# cognate accusative / מושא פנימי



## zaw

Hi,

Someone wrote that in Jonah 1:16 (see below) we have a cognate accusative. What does that mean and what is its function?

וייראו האנשים יראה גדולה את־יהוה ויזבחו־זבח ליהוה וידרו נדרים
Then the men feared the LORD greatly, and they offered a sacrifice to the LORD and made vows.

How does one usually translate it? Actually, I don't see it in the translation.

Toda raba


----------



## radagasty

The cognate accusative is a form of _figura etymologica_, whereby a verb (that may not usually take an object) has as an object a noun that is cognate to it. This is less common in English, but it does exist, _e.g._, ‘He died a slow and painful death.’, where _to die_ is normally intransitive.

*וייראו* האנשים *יראה גדולה* את־יהוה
And the men *feared* the Lord *a great fear*.

Here, יראה גדולה ‘a great fear’ is a cognate accusative, added to a clause where the verb וייראו already has a direct object את־יהוה. However, _to fear a great fear_ sounds strange in English, so it is translated instead as an adverb _greatly_.

This cognate accusative (المفعول المطلق) is common in Arabic, _e.g._, أكرمني إكراما عظيما.


----------



## elroy

This is المفعول المطلق in Arabic.

The most widespread Arabic translation of this verse uses the same construction:

*فخاف* الرجال من الرب *خوفًا *عظيمًا وذبحوا ذبيحة للرب ونذروا نذورًا


----------



## radagasty

By the way, the second half of the verse contains another two examples of cognate accusatives.

ויזבחו־זבח ליהוה וידרו נדרים
And they *sacrificed* a *sacrifice* to the Lord, and they *vowed* *vows*.

Here, ויזבחו is cognate to its object זבח, and וידרו to נדרים. English eschews repetition of this sort, so the translation ends up being _offered a sacrifice_ and _made vows_.


----------



## elroy

Are you sure those are the same construction?  At least in Arabic, I don't think ذبيحة or نذورًا are cognate accusatives.  I think they're direct objects (مفعول به) that are simply derived from the same root as the verb.  I believe the cognate accusative / المفعول المطلق has to be a مصدر (the equivalent of the שם פעולה in Hebrew), i.e. ذبحوا ذبحًا / نذروا نذرًا.


----------



## radagasty

Hmm... you may have a point. I’ll have to give it some thought. You’re certainly correct from the point of view of Arabic, where the المفعول المطلق does have to be a مصدر.

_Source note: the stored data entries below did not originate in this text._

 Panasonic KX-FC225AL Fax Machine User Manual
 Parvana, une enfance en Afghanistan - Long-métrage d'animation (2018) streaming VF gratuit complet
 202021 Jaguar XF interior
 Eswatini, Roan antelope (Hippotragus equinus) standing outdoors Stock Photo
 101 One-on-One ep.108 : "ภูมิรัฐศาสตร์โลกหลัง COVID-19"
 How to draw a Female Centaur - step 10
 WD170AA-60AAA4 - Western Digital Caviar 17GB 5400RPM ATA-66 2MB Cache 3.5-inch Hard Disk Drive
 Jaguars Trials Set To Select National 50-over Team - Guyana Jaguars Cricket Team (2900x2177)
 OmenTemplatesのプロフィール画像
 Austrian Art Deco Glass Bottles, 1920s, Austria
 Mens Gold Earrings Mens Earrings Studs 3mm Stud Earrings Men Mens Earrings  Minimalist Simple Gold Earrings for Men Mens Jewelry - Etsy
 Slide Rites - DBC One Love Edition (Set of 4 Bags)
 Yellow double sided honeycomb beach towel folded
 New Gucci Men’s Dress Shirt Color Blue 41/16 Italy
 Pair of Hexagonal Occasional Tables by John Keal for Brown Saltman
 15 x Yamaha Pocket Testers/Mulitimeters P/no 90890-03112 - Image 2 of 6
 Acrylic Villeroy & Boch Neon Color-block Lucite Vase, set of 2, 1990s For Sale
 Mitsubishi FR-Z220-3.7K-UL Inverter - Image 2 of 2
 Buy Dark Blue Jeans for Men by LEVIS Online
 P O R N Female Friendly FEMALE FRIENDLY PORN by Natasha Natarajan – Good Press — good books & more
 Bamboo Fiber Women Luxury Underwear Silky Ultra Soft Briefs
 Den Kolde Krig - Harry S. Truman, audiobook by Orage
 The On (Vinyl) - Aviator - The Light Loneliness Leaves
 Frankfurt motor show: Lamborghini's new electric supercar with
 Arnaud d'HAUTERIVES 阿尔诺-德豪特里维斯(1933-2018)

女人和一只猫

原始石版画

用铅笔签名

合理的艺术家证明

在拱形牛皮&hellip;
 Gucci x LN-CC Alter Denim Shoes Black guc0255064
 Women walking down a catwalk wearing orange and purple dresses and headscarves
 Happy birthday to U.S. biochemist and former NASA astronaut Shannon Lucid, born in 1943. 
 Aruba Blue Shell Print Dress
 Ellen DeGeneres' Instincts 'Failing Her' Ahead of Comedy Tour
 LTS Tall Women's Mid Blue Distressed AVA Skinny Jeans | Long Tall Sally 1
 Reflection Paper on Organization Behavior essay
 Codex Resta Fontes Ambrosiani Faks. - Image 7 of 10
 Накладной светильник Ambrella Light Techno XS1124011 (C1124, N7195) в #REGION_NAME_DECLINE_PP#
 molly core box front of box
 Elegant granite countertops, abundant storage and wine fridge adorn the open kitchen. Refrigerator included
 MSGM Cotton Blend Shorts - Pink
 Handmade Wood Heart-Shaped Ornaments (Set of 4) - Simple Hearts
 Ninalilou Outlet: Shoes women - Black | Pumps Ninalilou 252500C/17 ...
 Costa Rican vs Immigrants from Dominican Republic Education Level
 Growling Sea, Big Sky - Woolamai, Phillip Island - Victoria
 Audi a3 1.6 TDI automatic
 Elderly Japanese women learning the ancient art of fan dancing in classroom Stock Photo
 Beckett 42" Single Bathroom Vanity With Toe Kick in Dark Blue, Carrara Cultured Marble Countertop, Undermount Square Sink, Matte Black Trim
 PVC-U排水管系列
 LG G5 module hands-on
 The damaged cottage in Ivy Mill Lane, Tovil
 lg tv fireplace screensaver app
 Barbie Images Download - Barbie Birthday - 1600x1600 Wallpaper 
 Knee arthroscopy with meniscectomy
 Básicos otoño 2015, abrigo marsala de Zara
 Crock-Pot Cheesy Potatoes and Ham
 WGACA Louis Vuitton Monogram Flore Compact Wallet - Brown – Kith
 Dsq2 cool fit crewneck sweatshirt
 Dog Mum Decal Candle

The term _cognate accusative _came originally from the (western) classical languages, however, where it has a broader application. In the narrowest sense, it applies to the cognate object of intransitive verbs, which must usually be modified: _tutiorem vitam vivere_ ‘to live a surer life’. In some cases, it is not clear whether a verb is intransitive: _Mirum atque inscitum somniavi somnium._ “I dreamt a wonderful and uncanny dream.” In others, the verb is clearly transitive, and the cognate accusative is in fact the direct object: _Juravi verissimum jus jurandum._ “I sware the truest oath.”

This last would be analogous to the frequent נָדַר נֶדֶר of Hebrew, as in _Jonah_ above. Ultimately, I suppose, there may be no _correct_ answer. It just comes down to a matter of definition.


----------



## Abaye

[Moderator note: thread merged with a previous one.]

יש בעברית תופעה שקרויה מושא פנימי. בקצרה, מושא פנימי הוא שם פעולה שבא לאחר פועל מאותו שורש, דומה בצורתו למושא ישיר אבל אינו כזה. למשל "אני הולך הליכה", "הכוהן הניף תנופה". קיים כבר מימי המקרא ושימושי עד ימינו.

*והשאלה היא*: האם זה משהו מיוחד לשפה העברית, או קיים גם בשפות אחרות. אני יודע שיש באנגלית ביטויים כמו he talks the talk but doesn't walk the walk שנראים כאילו יש בהם מושא פנימי, אבל לא בטוח שזה אותו הדבר.


----------



## Drink

It's called "cognate accusative" or "cognate object" in English. It occurs in many languages. See the Wikipedia article: Cognate object - Wikipedia


----------



## Abaye

Drink said:


> It's called "cognate accusative" or "cognate object" in English. It occurs in many languages. See the Wikipedia article: Cognate object - Wikipedia


Great, thanks. Apparently my question should have been what's the phenomenon's name and not whether it exists.


----------